Они прибегают к назначенному месту ровно через полчаса – такси поймать не удалось, дороги забиты вечерними пробками, и теперь закатное солнце заливает оранжевым тревожным светом фигуры взмыленных Клеменс, Теодора и прибежавшего на подмогу Шона. Хотя последнего она звать с собой и не разрешала. Ее никто не послушал; очевидно, таинственная сила слов играла свою роль только в случае полного равнодушия и спокойствия, которыми Клеменс похвастаться не могла. Не в этот миг.
Джей-Эл с Женевьевой невозмутимо ждут ее, подпирая спинами металлическую решетку моста. Они выглядят вполне довольными жизнью, и Клеменс, едва сократив расстояние между ними до десятка футов, принимается изучать лица друзей. Невозмутимые и радостные, без каких-либо признаков страха.
– Зачем вы тут? – задыхаясь от волнения, спрашивает она.
– Тот парень просил дождаться, – Джей-Эл кивает куда-то позади себя и пожимает плечами. – Да и мы хотели встретиться, чтобы, ну, знаешь, поговорить…
Он опускает руку, которой до этого обнимал Женевьеву, и та невольно хмурится. Клеменс, не глядя на них, всматривается в уходящий в темноту левый берег Соны.
– Он там? – выдыхает девушка; подоспевшие Теодор и Шон одинаково щурятся, и последний вдруг охает. Он там.
– Уходите, – бросает Атлас обомлевшей парочке, грубо хватает Джей-Эла за плечо и толкает за спину; Женевьева, охнув, запинается об тонкие ноги Шона.
– Что за фигня!
– Уходите, – повторяет за Теодором Клеменс и, кинув Джей-Элу красноречивый взгляд, машет рукой. – Сейчас же.

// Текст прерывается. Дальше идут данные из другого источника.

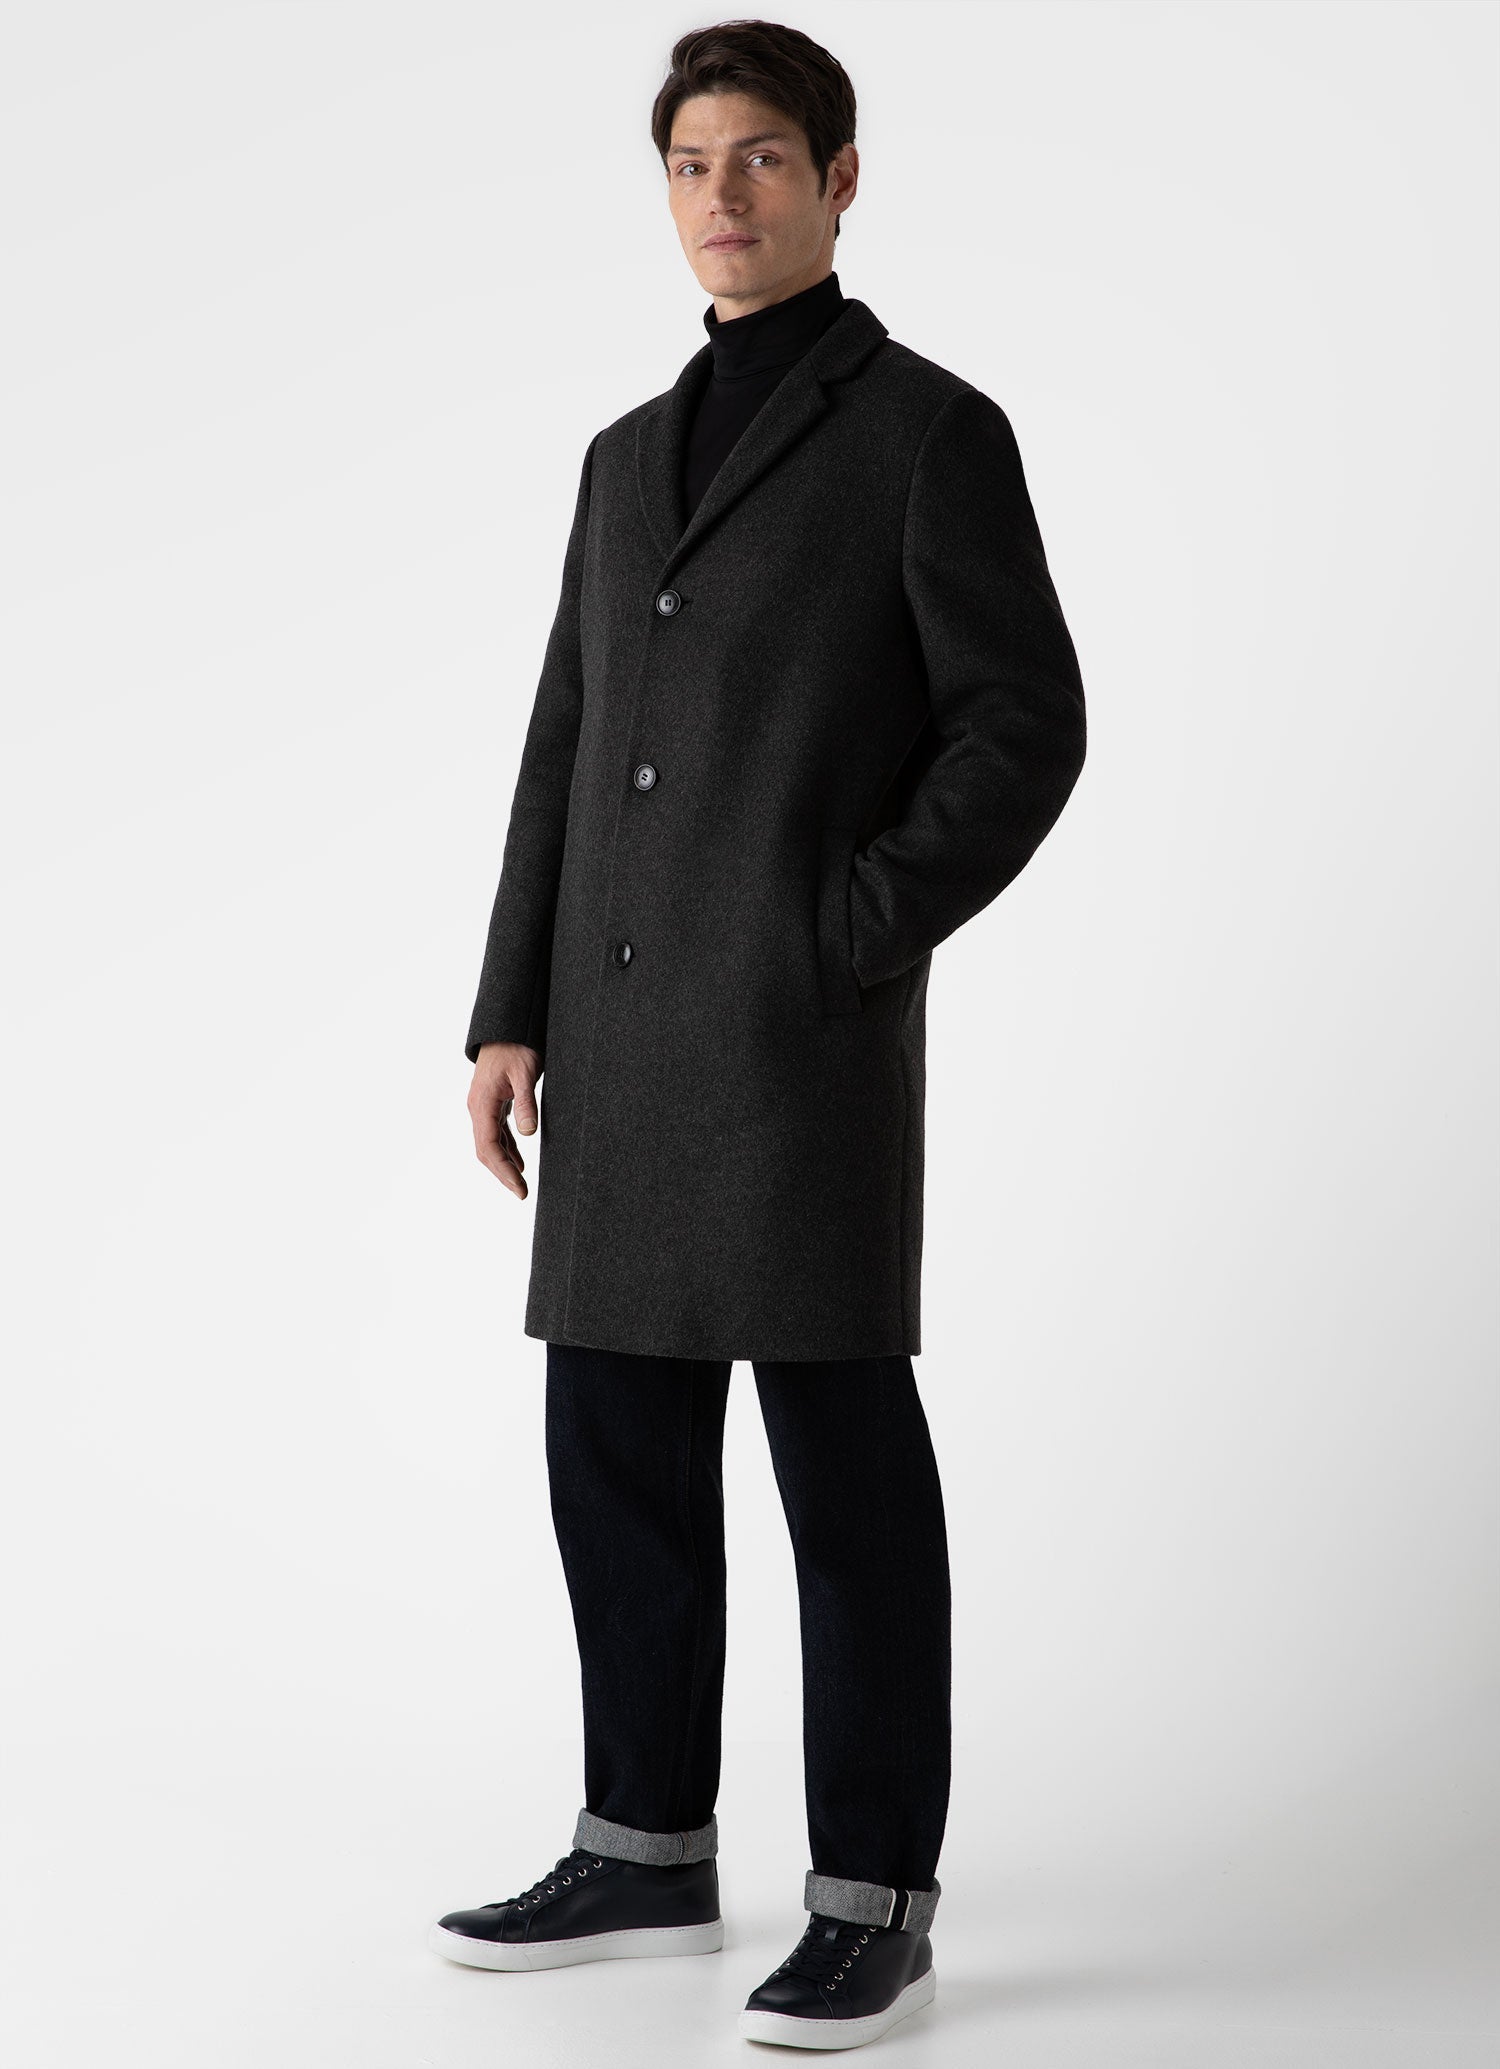 Men's Wool Cashmere Overcoat in Charcoal Melange

– Клемс, какого черта вы делаете?..
– Действительно.
Персиваль появляется из темноты, словно призрак, возникший прямо посреди моста по велению собственного сердца. Или того, что у него считается сердцем. Шон снова охает, Теодор машинально сдвигает тормозящих Джей-Эла, Женевьеву и испуганную Клеменс себе за спину. Девушка хватает его за руку и остается стоять рядом.
– Ты не хочешь познакомить меня со своими друзьями, дорогая? – скалится Персиваль. – Это было бы вежливо с твоей стороны.
Он шагает прямо к ним. Звук каждого из его шагов гулко уходит вниз, в темную воду реки – тук, тук, тук. Он останавливается ровно на середине, перед разделительной полосой грязно-белого цвета.
– Нет уж, – цедит Клеменс. – С тебя хватит и моего общества.
Ее сердце так громко бьется в груди, что с каждым ударом Клеменс чувствует, как истончается, трескается ее грудная клетка, и Теодор тоже чувствует это и потому стискивает ее ладонь своей.
– Жестоко, – отвечает Персиваль, склоняя голову. – Ты еще не знаешь, как утомительна бывает вечность, проведенная в одиночестве. Верно, Теодор? – Он переводит взгляд на Атласа, и его тонкие губы искривляются широкой ломаной дугой. – Давно не виделись.
– Ты испортил мне рубашку, – парирует тот, и в клубке хаотичных рваных мыслей Клеменс появляется еще одна. Они знакомы? Как давно? Что их связывает? Но Теодор настойчиво отталкивает ее за спину, и думать о большем она уже не способна.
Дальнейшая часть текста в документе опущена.